Updated: Jan 2, 2024


africa's tarnished name chinua achebe

Electrifying essays on the history, complexity and appropriation of a continent, from the father of modern African literature.


Achebe is well-known as the first African author to write from the perspective of the colonised rather than the coloniser. Things Fall Apart was and is a seminal piece of literature.


In the collection of essays in Africa’s Tarnished Name, Achebe explores various aspects of Africa: what Nigeria means to him, what it was like to travel around Africa as an African amongst white tourists, the treatment by world leaders of African countries as a theoretical experiment and, in the eponymous essay, the fact that there is a lot of literature about Africa but hardly any of it is written from an African perspective.
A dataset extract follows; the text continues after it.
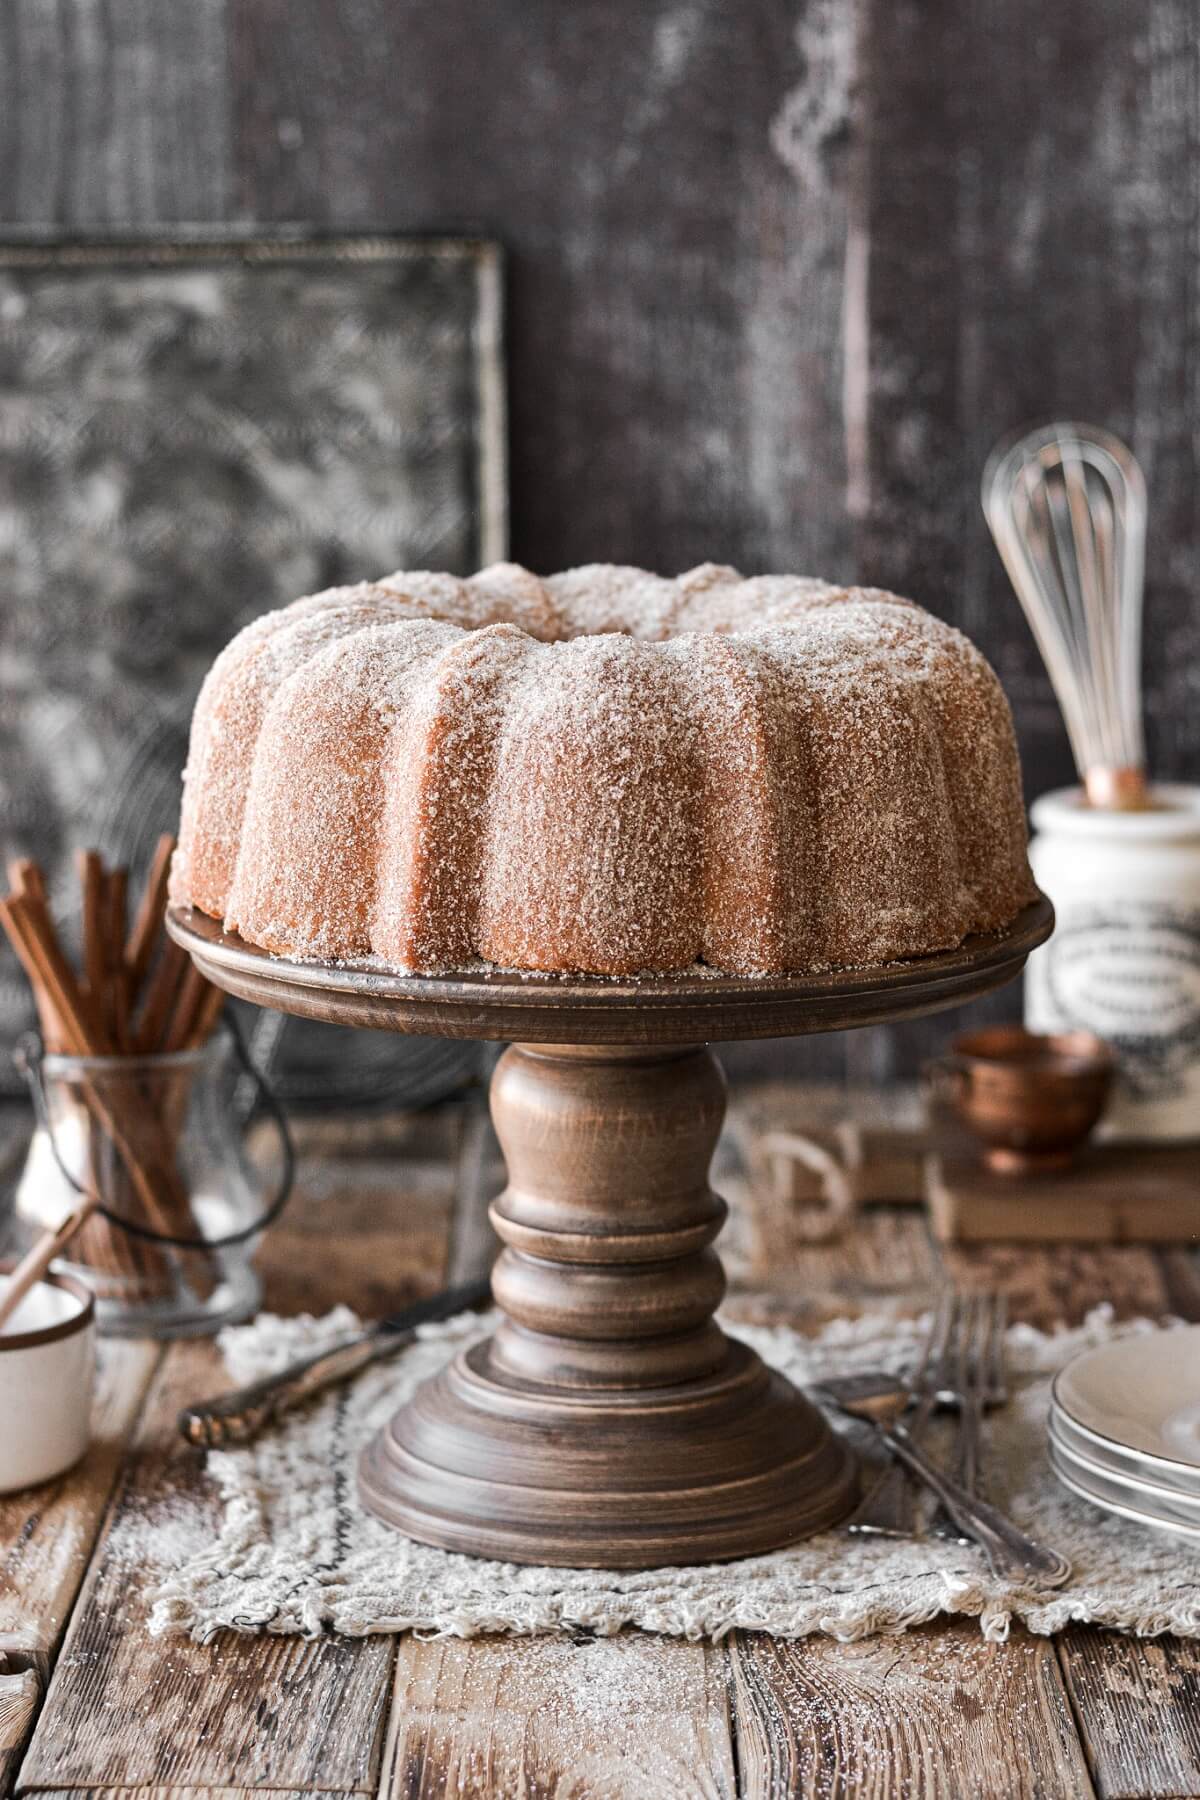 Snickerdoodle bundt cake on a wood cake stand.

Achebe saw Africa through great change. He was almost 30 when Nigeria became independent from the British Empire in 1960. He experienced its bitter civil war which resulted from the instability of the transition. Similar instability erupted around the continent throughout the 1960s which saw a domino effect of decolonisation. Every single nation in Africa has its own turbulent story.


In the last essay, Africa is People, Achebe describes being inexplicably invited to a meeting of the Organisation for Economic Cooperation and Development. As an African novelist surrounded by western economists and bankers, Achebe did not understand why he was there. However, when he heard the attendees discussing solutions to African economics in a way that might look workable on paper but Achebe thought was impossible in practice, he felt compelled to speak up to explain that Africans were real people, not an afterthought, and Africa was not a fiction to be experimented with.
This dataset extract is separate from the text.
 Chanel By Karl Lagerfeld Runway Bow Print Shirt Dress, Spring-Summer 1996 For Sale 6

The main point running through Achebe’s four essays, most obviously in Africa’s Tarnished Name, is that Africa is constantly spoken for by non-Africans. He is particularly critical of Joseph Conrad whose book about explorers of the Belgian Congo, Heart of Darkness, not only gives the impression that the character was the first visitor to that area of Africa but also then portrays the Congolese people as savages or aliens, highlighting how different he perceives them to be from the civilised west. Achebe notes in passing how common it is for writers to describe parts of Africa being “discovered” (meaning discovered by Europeans as people had already lived there for thousands of years) and that even when something positive is said about Africa it would often come across as patronising at best and racist at worst. Africa is not given a chance to be spoken about by Africans, as western perspectives are too dominant.


I will stop here to acknowledge that I am doing exactly what Achebe criticises: giving my own perspective on African literature as a non-African. I do not pretend to be a special exception to those he criticises. I can only give my own western perspective on this blog about books written by Africans about Africa – and thankfully there are considerably more of those now than there were when Achebe was first writing – but I will never understand what it is like to have lived that history.


Achebe has a way of describing and explaining his experience of being African which is calm yet firm and articulate. These essays clearly outline the problems which live on since colonisation and decolonisation as a result of the colonising nations shirking almost entirely any duty to ensure a stable transition. These are important essays and Achebe’s words are, as ever, carefully thought out and hard-hitting.


He needed to hear Africa speak for itself after a lifetime of hearing Africa spoken about by others.